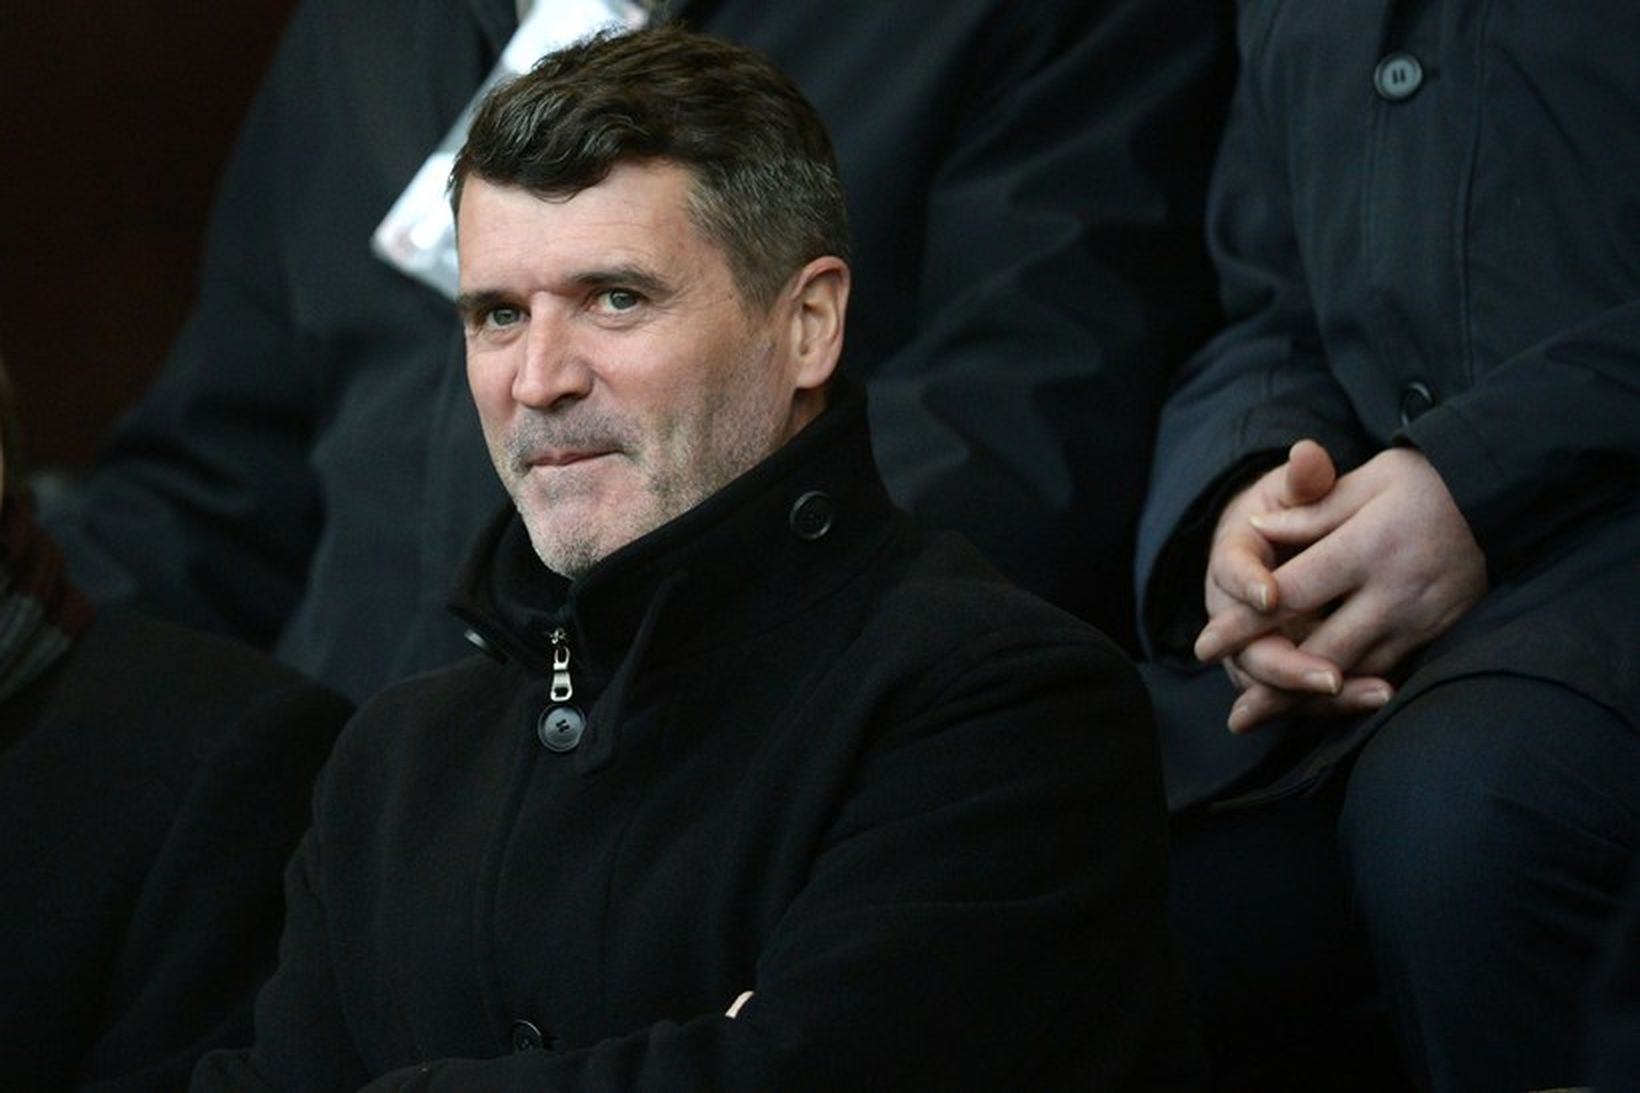 Roy Keane starfar í dag hjá Sky Sports.
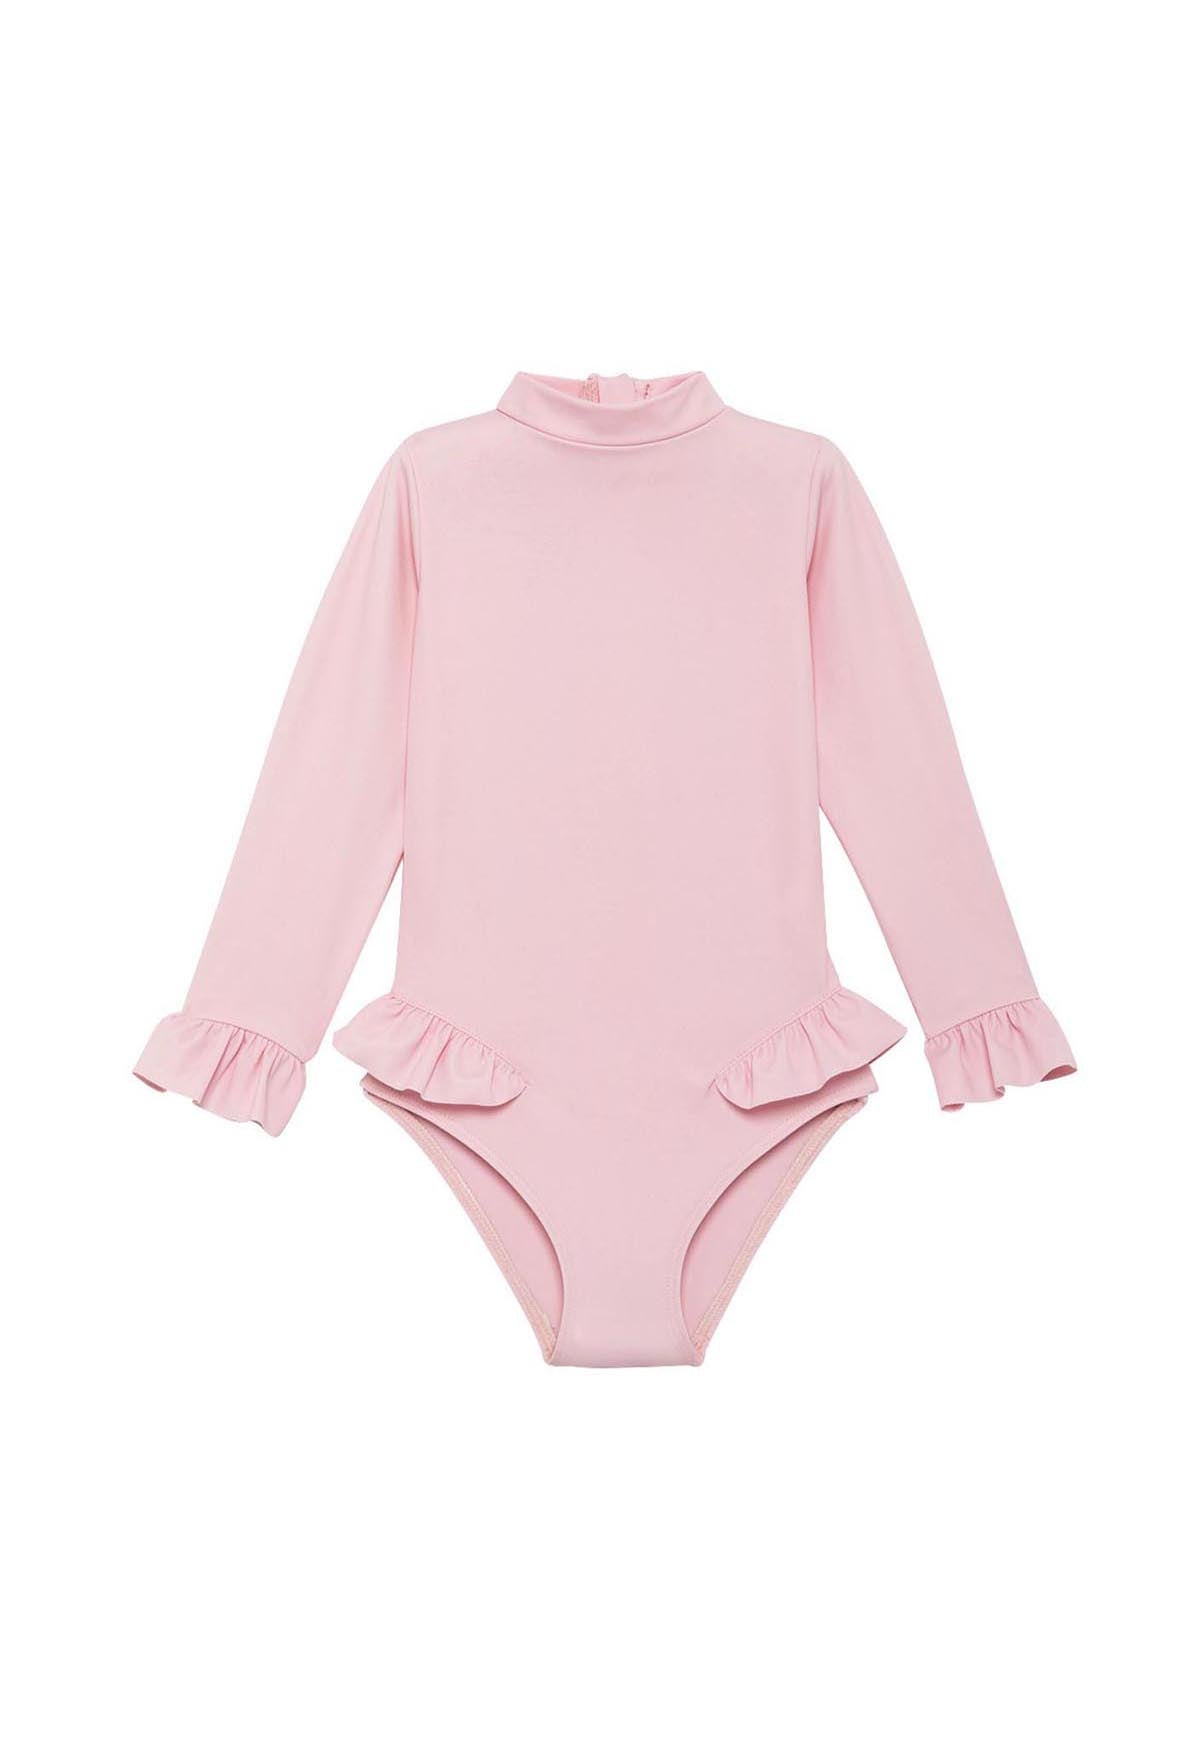 Long sleeve baby swimsuit, UPF50+, light pink
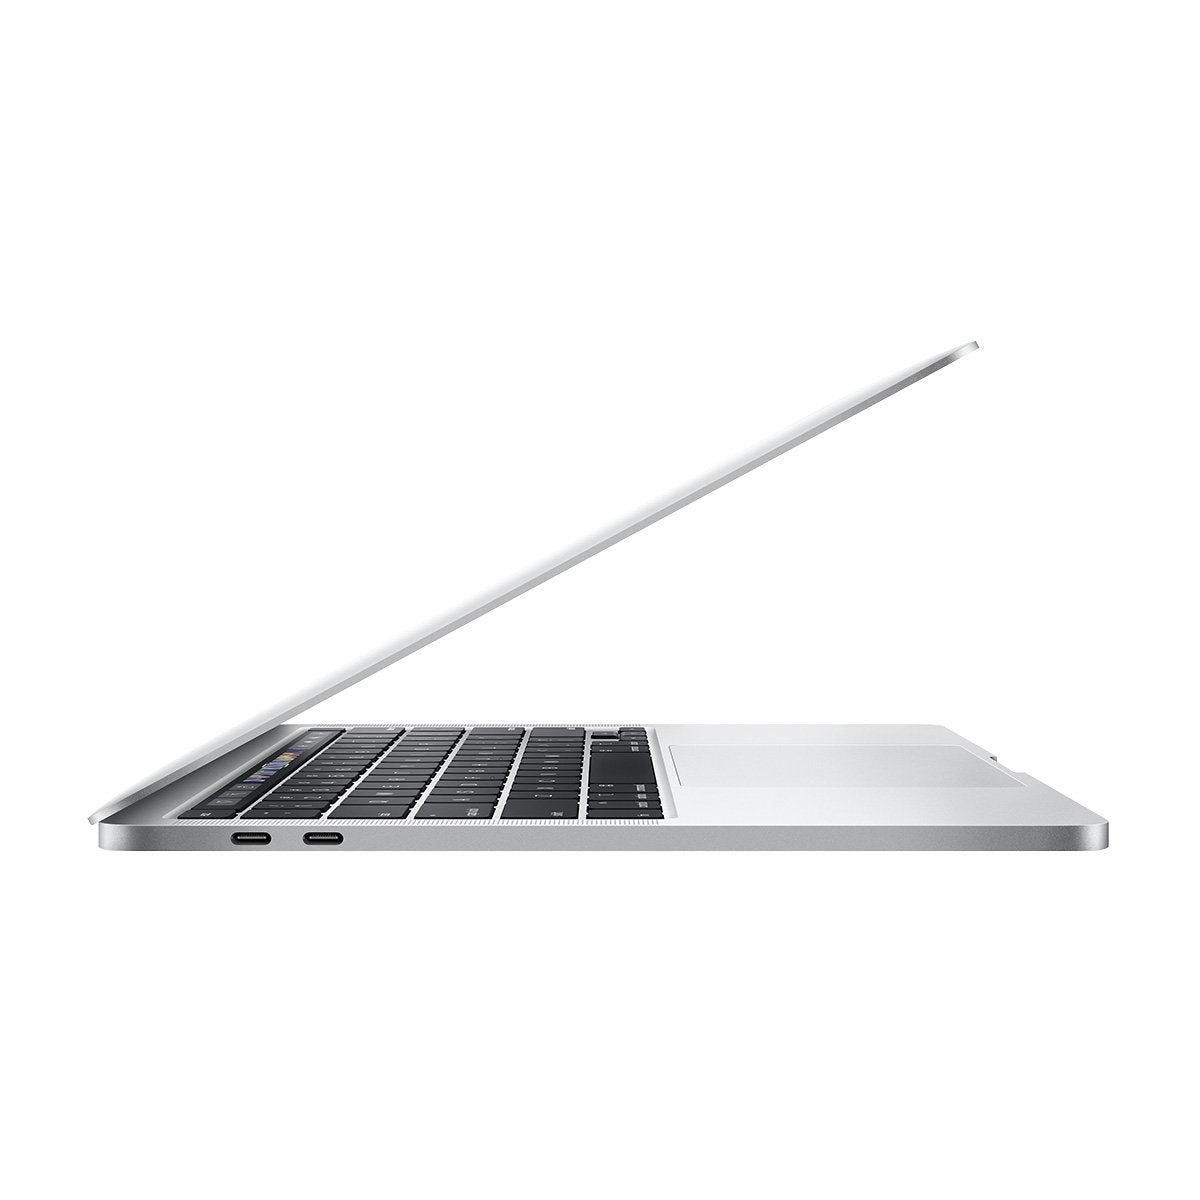 Macbook Pro 13-inch (Touchbar | four thunderbolt 3 ports) - 2018 - i5 - Silver

************

▸ Problem to work on: In your copy of the listing, please omit the pictures and keep every word exact.

▸ Expected output:
 Roy Keane starfar í dag hjá Sky Sports.
 Long sleeve baby swimsuit, UPF50+, light pink
 Macbook Pro 13-inch (Touchbar | four thunderbolt 3 ports) - 2018 - i5 - Silver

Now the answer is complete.